(Dataset excerpts)
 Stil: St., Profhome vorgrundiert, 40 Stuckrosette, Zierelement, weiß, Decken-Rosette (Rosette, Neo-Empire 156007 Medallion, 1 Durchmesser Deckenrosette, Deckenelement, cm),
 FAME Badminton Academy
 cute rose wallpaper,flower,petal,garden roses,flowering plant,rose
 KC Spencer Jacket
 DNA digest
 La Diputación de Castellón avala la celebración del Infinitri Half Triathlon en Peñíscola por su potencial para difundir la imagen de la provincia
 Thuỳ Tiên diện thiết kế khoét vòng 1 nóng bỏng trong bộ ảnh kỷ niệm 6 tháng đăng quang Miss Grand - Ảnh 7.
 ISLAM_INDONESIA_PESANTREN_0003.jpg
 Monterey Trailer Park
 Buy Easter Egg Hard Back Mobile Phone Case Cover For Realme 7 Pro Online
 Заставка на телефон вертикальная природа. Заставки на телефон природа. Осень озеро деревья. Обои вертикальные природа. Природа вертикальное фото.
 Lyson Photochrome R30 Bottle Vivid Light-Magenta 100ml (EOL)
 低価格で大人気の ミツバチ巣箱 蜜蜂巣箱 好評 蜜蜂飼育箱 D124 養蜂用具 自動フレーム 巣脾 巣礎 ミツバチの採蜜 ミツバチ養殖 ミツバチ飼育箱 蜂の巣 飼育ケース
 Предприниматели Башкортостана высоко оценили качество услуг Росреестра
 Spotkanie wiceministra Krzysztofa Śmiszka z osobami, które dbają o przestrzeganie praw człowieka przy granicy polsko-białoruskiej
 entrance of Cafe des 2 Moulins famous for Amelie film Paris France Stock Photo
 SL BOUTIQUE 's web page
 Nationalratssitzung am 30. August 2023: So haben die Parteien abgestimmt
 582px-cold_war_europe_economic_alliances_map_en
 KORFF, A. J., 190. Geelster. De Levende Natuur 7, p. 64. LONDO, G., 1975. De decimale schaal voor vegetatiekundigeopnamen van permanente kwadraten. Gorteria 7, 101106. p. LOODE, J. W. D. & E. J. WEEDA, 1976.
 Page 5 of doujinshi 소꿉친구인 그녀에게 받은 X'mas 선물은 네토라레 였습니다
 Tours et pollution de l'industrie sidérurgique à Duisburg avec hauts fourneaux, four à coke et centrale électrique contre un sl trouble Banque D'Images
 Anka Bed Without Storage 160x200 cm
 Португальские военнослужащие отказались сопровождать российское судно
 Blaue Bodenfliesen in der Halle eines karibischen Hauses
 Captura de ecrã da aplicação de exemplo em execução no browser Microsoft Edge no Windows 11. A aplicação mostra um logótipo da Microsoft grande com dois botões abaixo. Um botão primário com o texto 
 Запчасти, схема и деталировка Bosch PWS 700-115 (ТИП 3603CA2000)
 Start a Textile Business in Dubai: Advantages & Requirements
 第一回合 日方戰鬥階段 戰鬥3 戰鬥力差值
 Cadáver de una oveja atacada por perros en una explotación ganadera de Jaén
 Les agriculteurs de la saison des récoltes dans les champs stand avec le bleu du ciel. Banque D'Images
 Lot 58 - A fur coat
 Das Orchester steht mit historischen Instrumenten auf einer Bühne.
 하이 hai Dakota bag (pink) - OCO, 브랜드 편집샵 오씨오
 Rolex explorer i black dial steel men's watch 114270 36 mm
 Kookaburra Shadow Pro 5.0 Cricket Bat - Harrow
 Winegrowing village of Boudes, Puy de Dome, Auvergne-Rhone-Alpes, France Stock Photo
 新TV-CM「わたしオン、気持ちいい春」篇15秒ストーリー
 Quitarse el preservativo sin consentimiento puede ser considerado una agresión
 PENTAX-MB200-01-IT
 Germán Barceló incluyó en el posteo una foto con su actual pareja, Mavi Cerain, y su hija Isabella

• **Your instructions**: Of the records above, copy each line that includes "avec".

• **Answer below**:
 Tours et pollution de l'industrie sidérurgique à Duisburg avec hauts fourneaux, four à coke et centrale électrique contre un sl trouble Banque D'Images
 Les agriculteurs de la saison des récoltes dans les champs stand avec le bleu du ciel. Banque D'Images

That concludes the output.